*Task:* Copy out each line of the material exactly. Pictures do not belong in the copy.

*Dataset excerpt:*
•••••

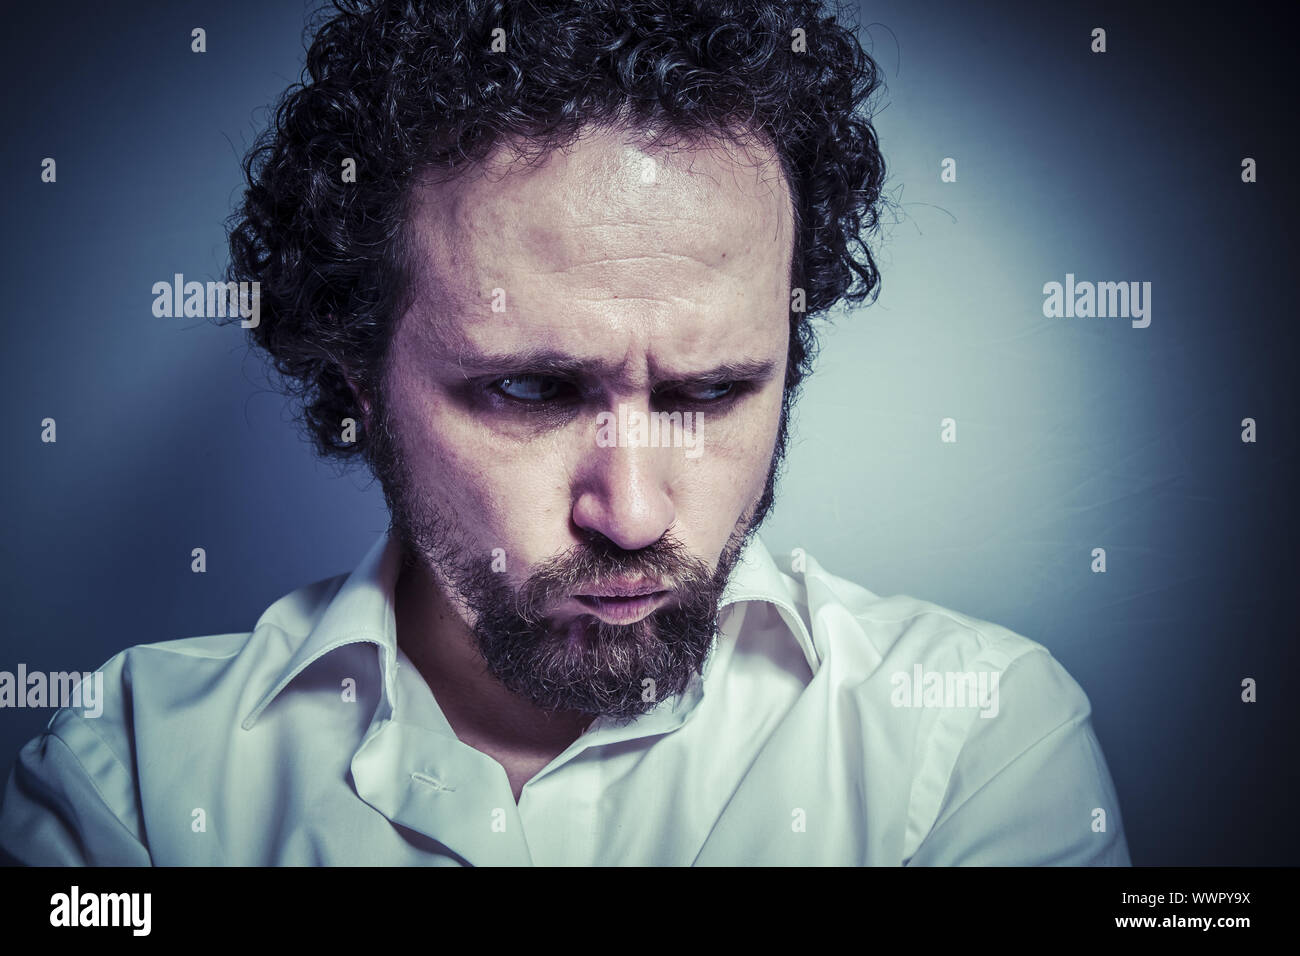 trauriges Gesicht, Mann mit intensiven Ausdruck, weißes Hemd Stockfoto
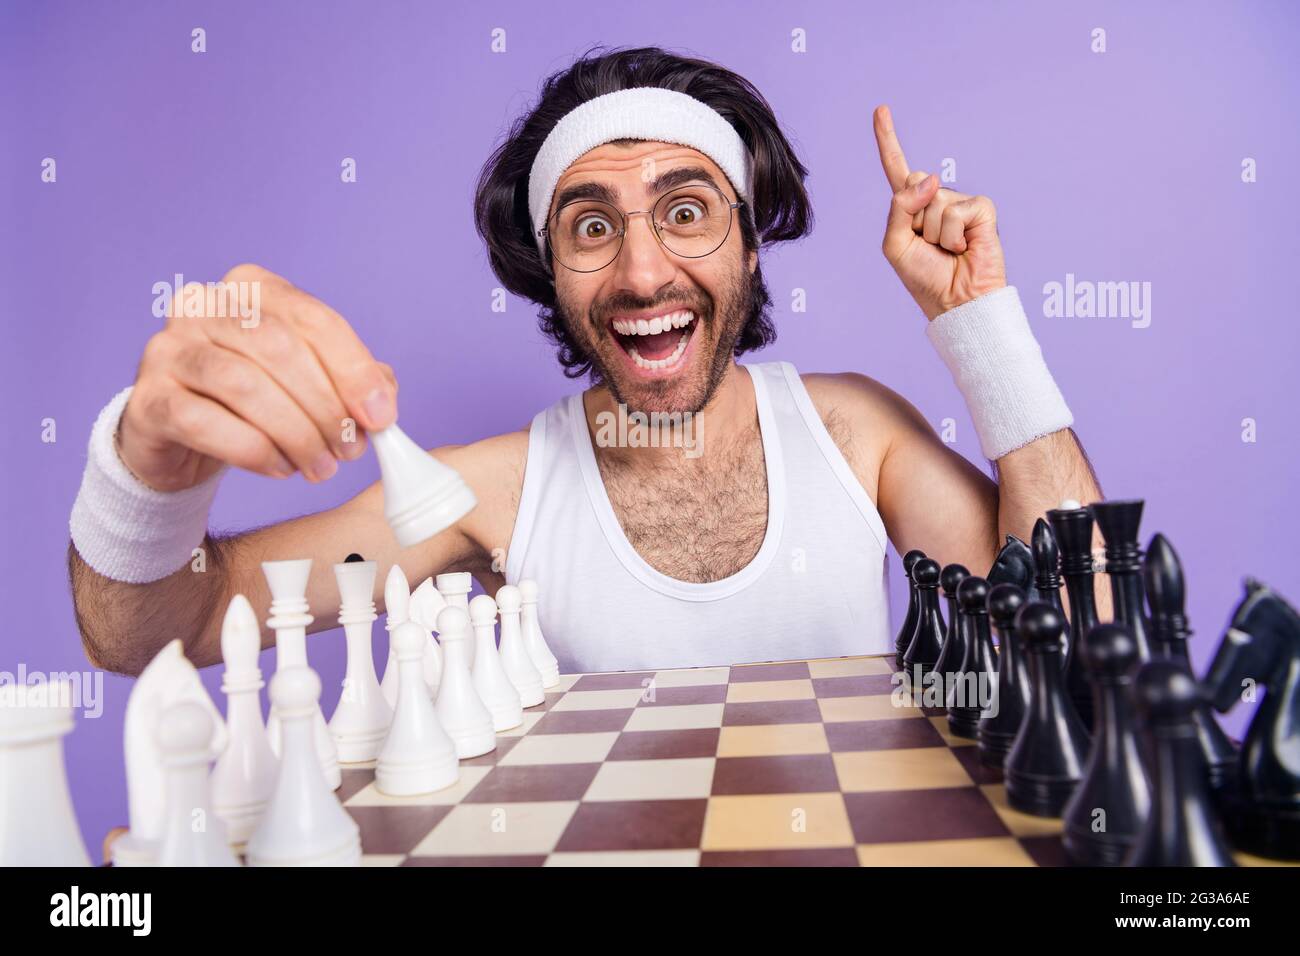 Photo de brunette optimiste gars jouer échecs porter des lunettes blanc singlet hairband isolé sur fond de couleur lilas Banque D'Images
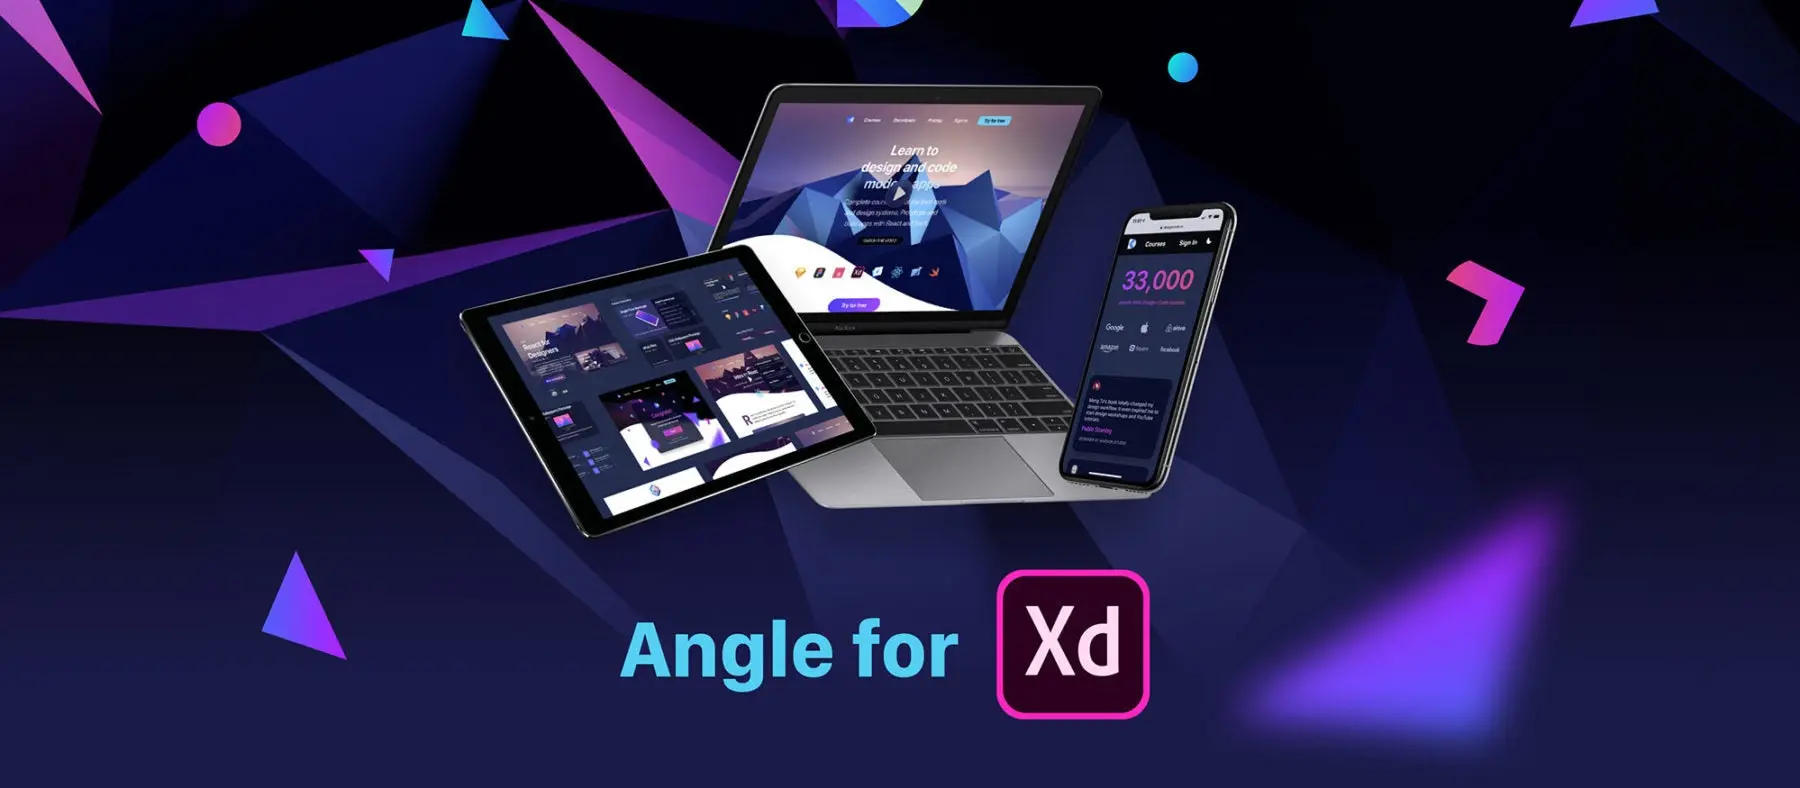 Angle for XD image.
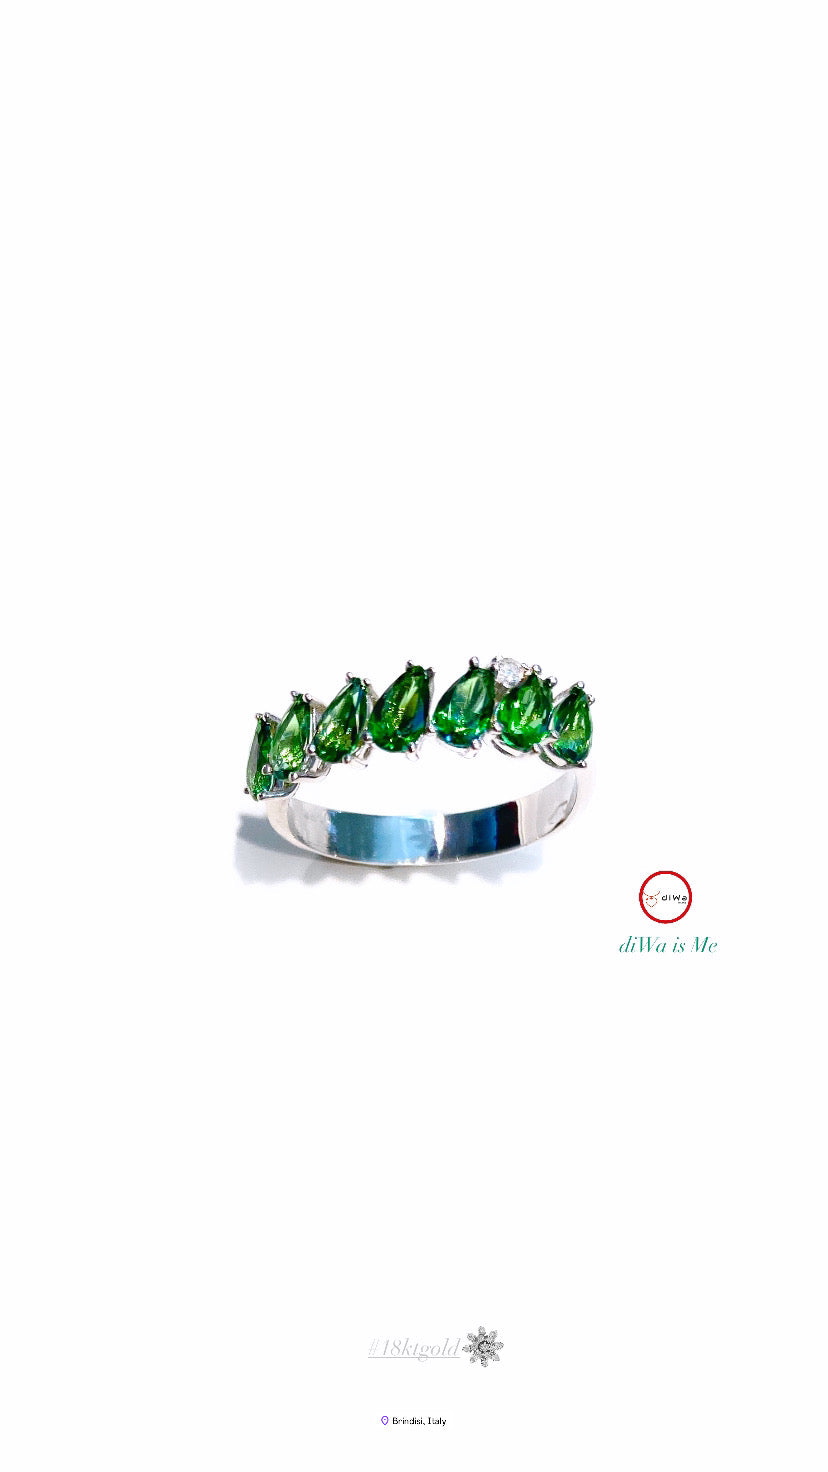 Anello veretta gocce topazio verde paraiba diamante naturale oro bianco 18 Kt

•••••

*Written solution:*
 trauriges Gesicht, Mann mit intensiven Ausdruck, weißes Hemd Stockfoto
 Photo de brunette optimiste gars jouer échecs porter des lunettes blanc singlet hairband isolé sur fond de couleur lilas Banque D'Images
 Angle for XD image.
 Anello veretta gocce topazio verde paraiba diamante naturale oro bianco 18 Kt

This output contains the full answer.